I stumbled upon this sum while working on my thesis:
$$\sum_{k=0}^N \binom{N}{2k} x^k$$
I know that
$$\sum_{k=0}^N \binom{N}{k} x^k = (1+x)^N$$
But when it comes to the sum above I'm lost. Is there any way to solve it?
PS $|x|<1$ and N is an even number. Also, as Semiclassical remarked, the sum actually runs up to $N/2$:
$$\sum_{k=0}^{N/2} \binom{N}{2k} x^k$$
Given the comment about the sum not even being defined for $2k>N$, I think that you could legitimately rewrite your question as $$\sum_{k=0}^N \binom{N}{k} {\sqrt{x}}^k$$ with the sum taken over even values of $k$ only.
In that case, observe that $$\sum_{k=0}^N \binom{N}{k} {\sqrt{x}}^k = (1+{\sqrt{x}})^N$$ (which you know) is the sum taken over even values of $k$ plus an unwanted sum taken over odd values of $k$, and $$\sum_{k=0}^N \binom{N}{k}(-{\sqrt{x}})^k = (1-{\sqrt{x}})^N$$ is the sum taken over even values of $k$ minus the same unwanted sum taken over odd values of $k$.

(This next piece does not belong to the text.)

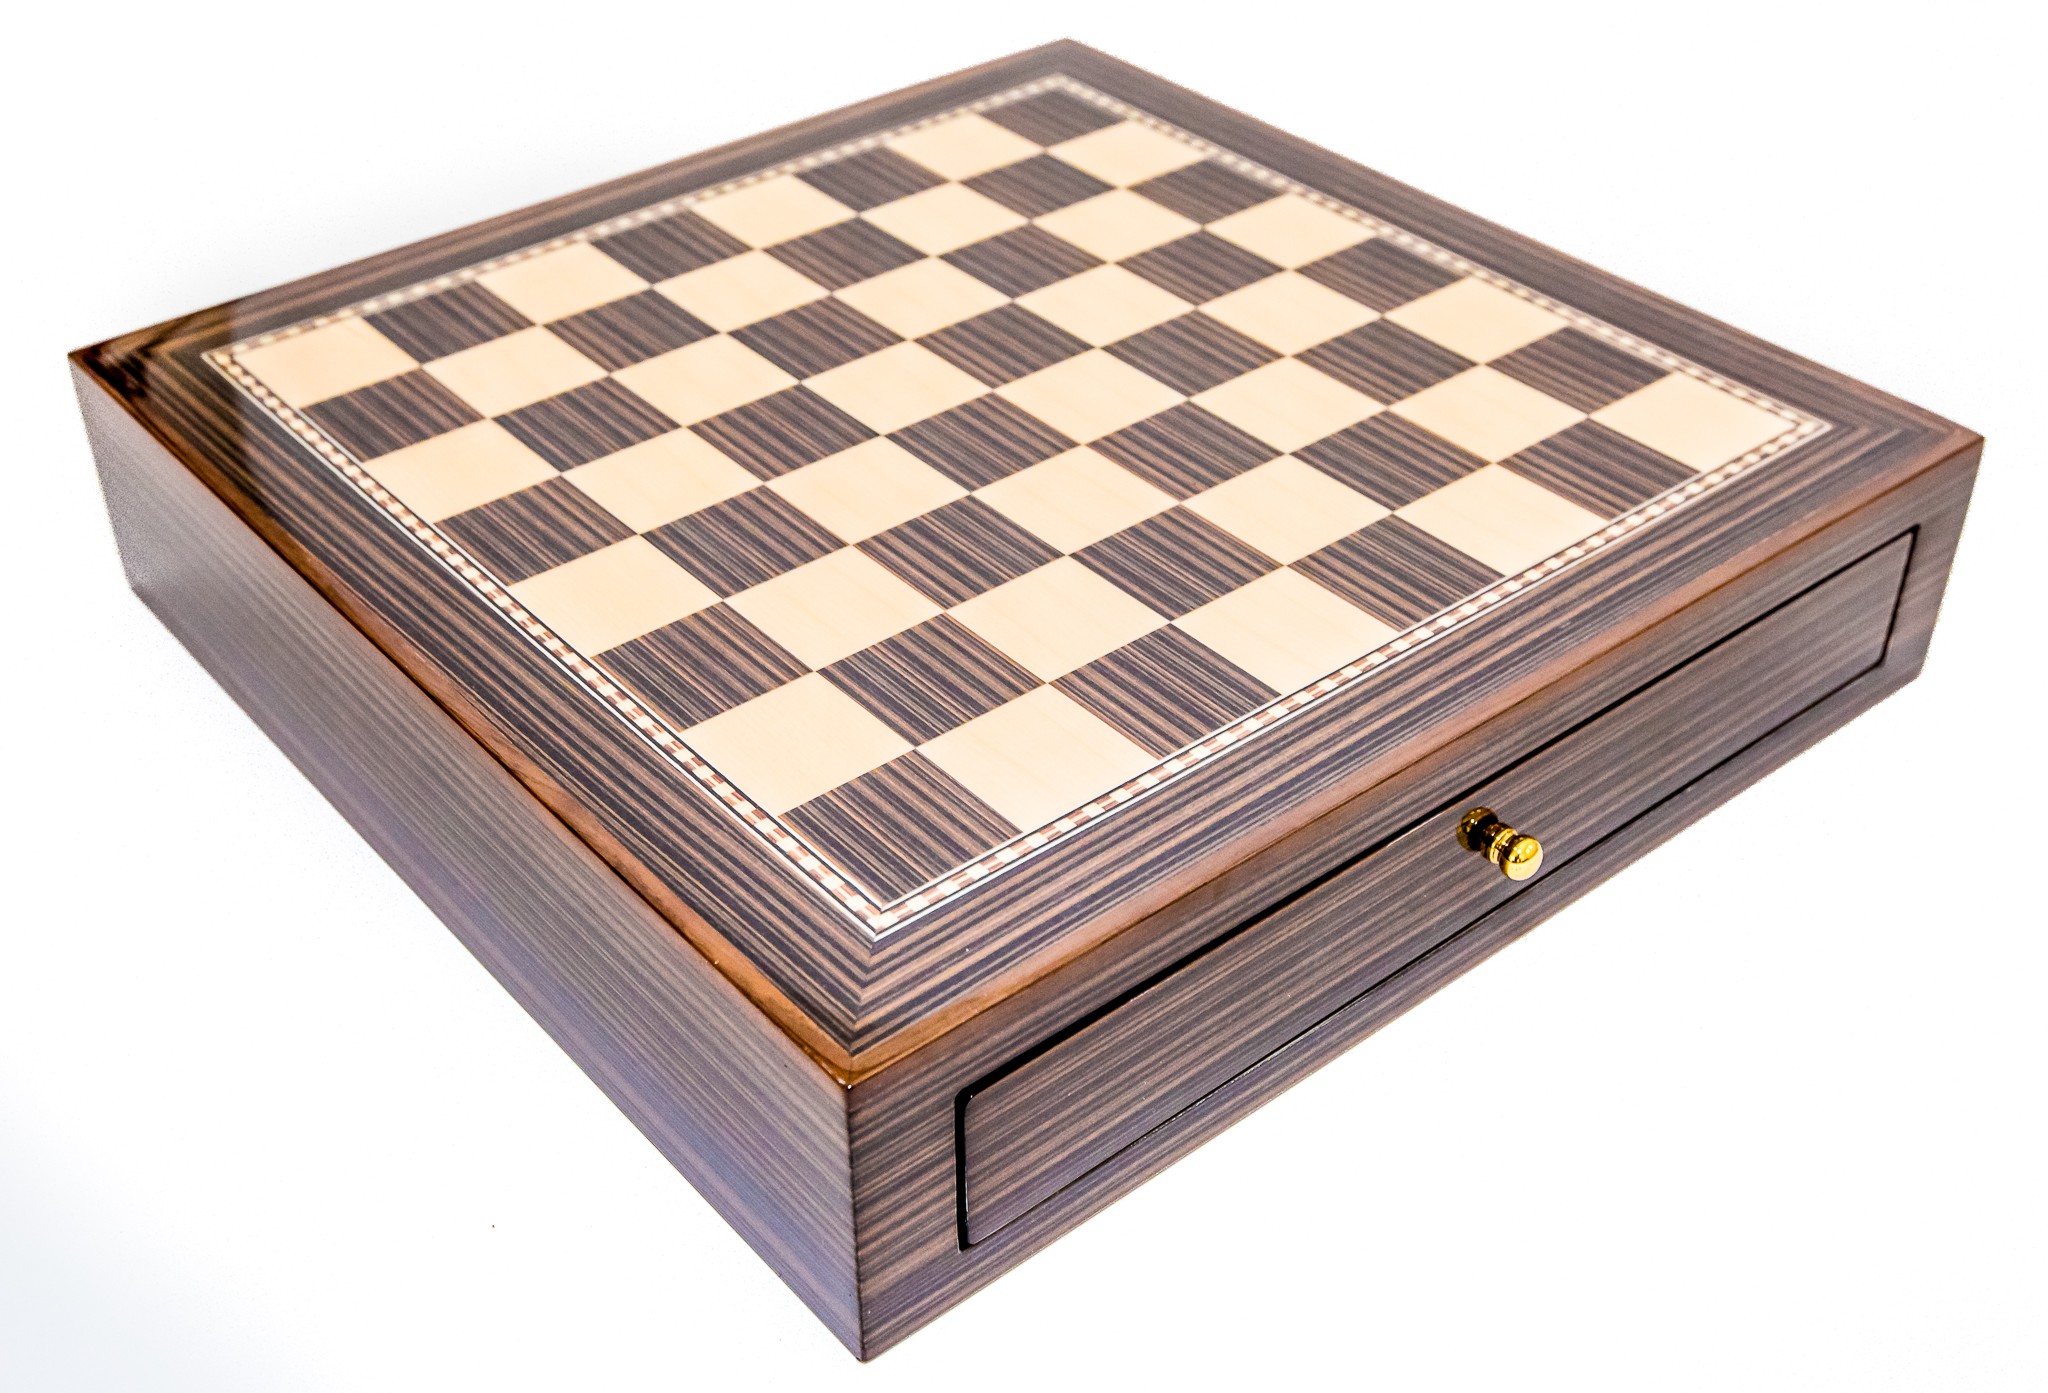 Deluxe Chess Board Case with Storage Compartment

I hope you don't mind if I leave you to combine the two to get the answer you need.
Generalisation
It doesn't have to be $\binom{N}{2k}$ in your original question.
Consider $\binom{N}{3k}$ instead. Take $\omega$ to be a primitive cube root of 1: that is, one whose $n$th power is 1 if and only if $n$ is divisible by 3. (To be explicit, $\omega=\frac12({-1±\sqrt{3}})$). Take the sum $$\sum_{i=1}^3\sum_{k=0}^N \binom{N}{k} (\omega^i{\sqrt[3]{x}})^k$$ and note:
So now you know how to get $$\sum_{k=0}^N \binom{N}{k} {\sqrt[3]{x}}^k$$ with the sum taken over values of $k$ divisible by 3.
The same thing works for all other multiples, but I thought it would be more readable to use "3" rather than yet another variable.